A. CLASSIFYING INFORMATION
Letter date [7 September 1915]
Address From [Llandrindodd Wells]
Address To [28 Victoria Street, London SW]
Who to [JS Middleton, War Emergency Workers National Committee]
B. EDITED COLLECTION
Editor [ ]
C. ARCHIVE COLLECTION REFERENCE
Archive name [People’s History Museum, Manchester]

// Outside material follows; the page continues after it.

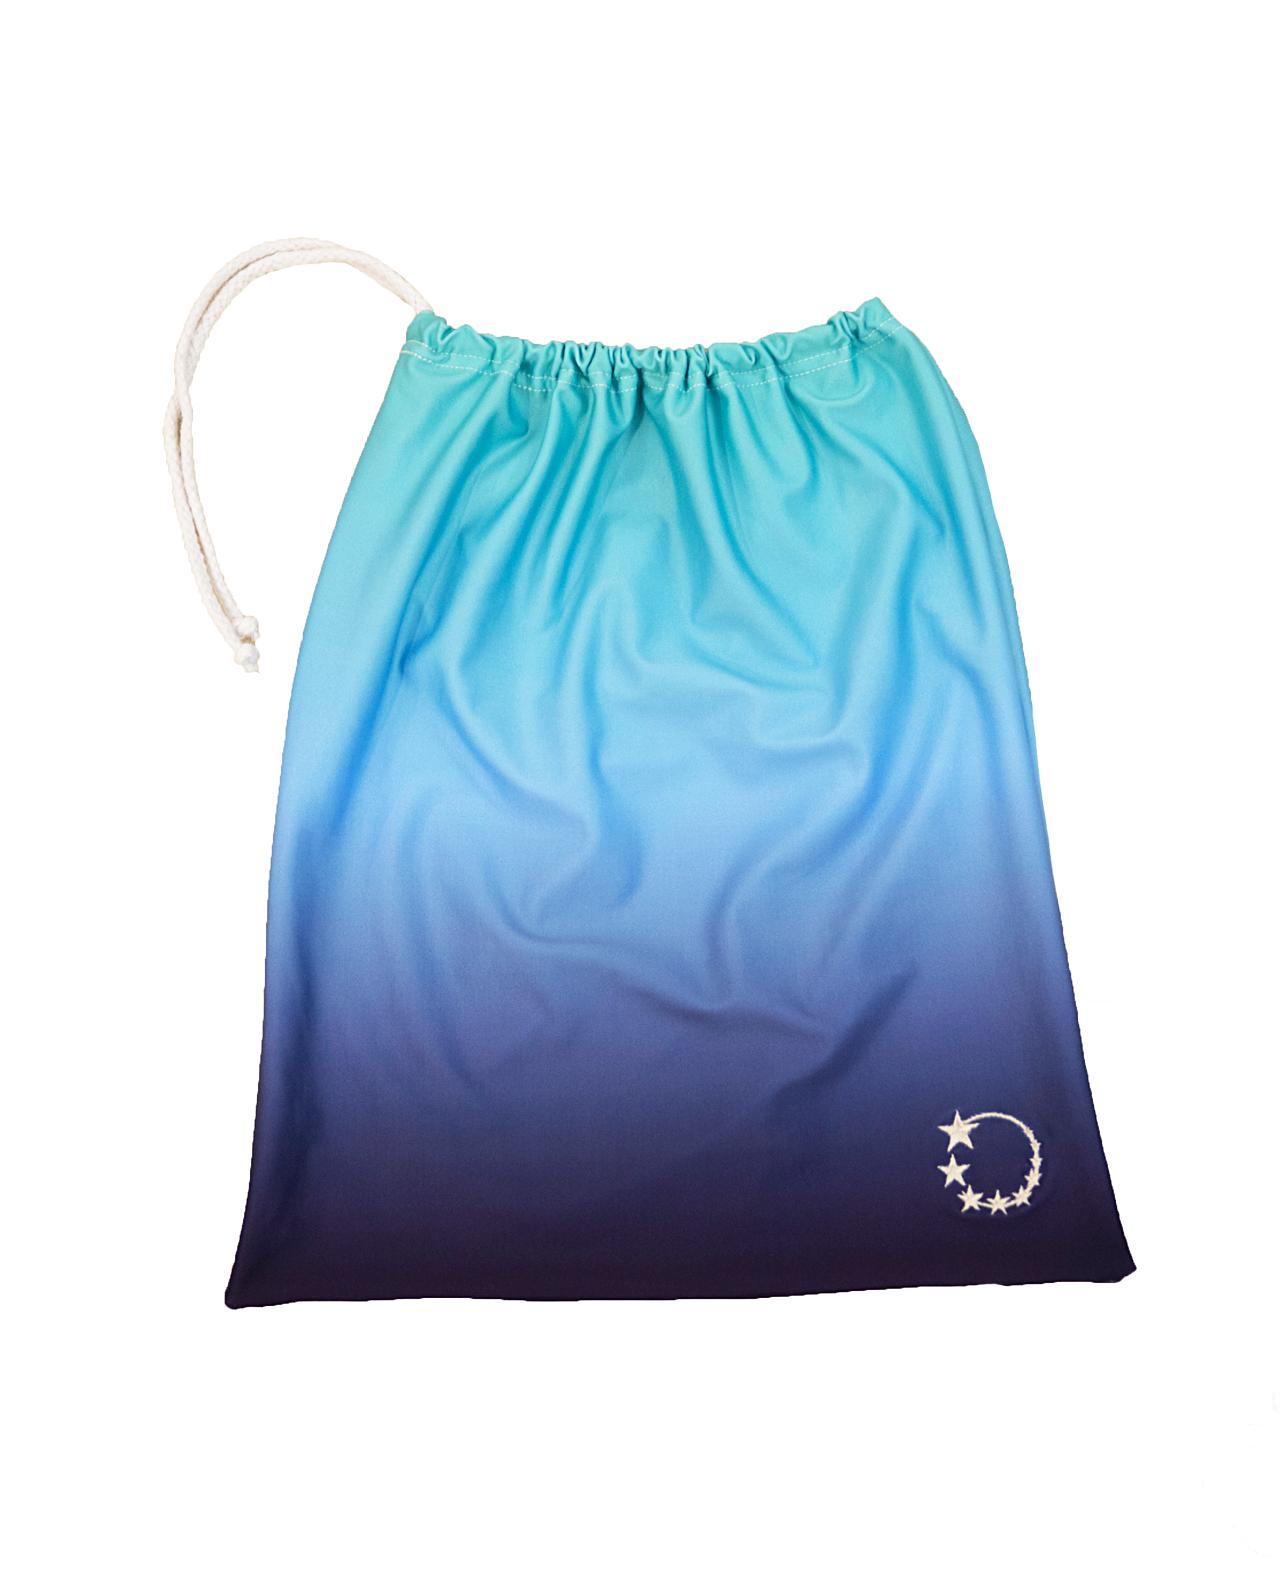 mint and blue gymnastics hand guard bag

Archive Ref 1 [WNC 32 /6/60]
[LEGEND: Olive Schreiner sent this brief letter to the Secretary of the War Emergency Workers National Committee, JS Middleton, giving her assent to a manifesto calling on women to join trade unions in whatever war work they did and to organise for equal pay in doing so. Its transcription appears here with the kind agreement of the People’s History Museum, Manchester.]
c/o Dr Parker
Llandrindodd Wells
Wales
^Sep 7th^ 1915
Dear Sir
I shall be glad to assist in any matter bearing on equal wages for women for equal work. It has my deepest sympathy.
Yours faithfully
Olive Schreiner
[NOTATION: The War Emergency Workers National Committee was formed by a range of British labour organisations during the Great War. It became concerned with pay and equality issues in circumstances of war emergency, and in particular that women occupying jobs formerly done by men might be paid less and that these lower rates would prevail post-war when men returned from war service. In July 1915 its committee decided that an Appeal to women workers doing war-work should be made, to encourage them to protect pay levels. However, it was clear to many of the proposed signatories that the intention was more about protecting jobs for men than supporting equality for women doing crucial war-work and there were detailed objections to the initial version and then a number of following iterations of the WNC’s Appeal from important members of the feminist and women’s rights community. Succinctly, signatures were withheld until some sections were re-worded so that the Appeal did not imply that women ought to join trade unions even if these did not support equal pay for equal work. The revised Appeal also included that, post-war, while such jobs should revert to men, the wartime post-holders should be given alternative employment. Eventually the signatories included, among a longer list of women’s rights luminaries, Florence Bell, Margaret Llewellyn Davies, Charlotte Despard, Isabella Ford, Katherine Bruce Glazier, Mary Macarthur, Catherine Marshall, Vernon Lee, Marion Phillips, Olive Schreiner, Maud Selbourne, Marjorie Sheepshanks, Ethel Snowden, Helena Swanwick, and Beatrice Webb. Olive Schreiner’s name with others was printed on the final version of the Appeal, which was distributed widely as part of seeking wider support.]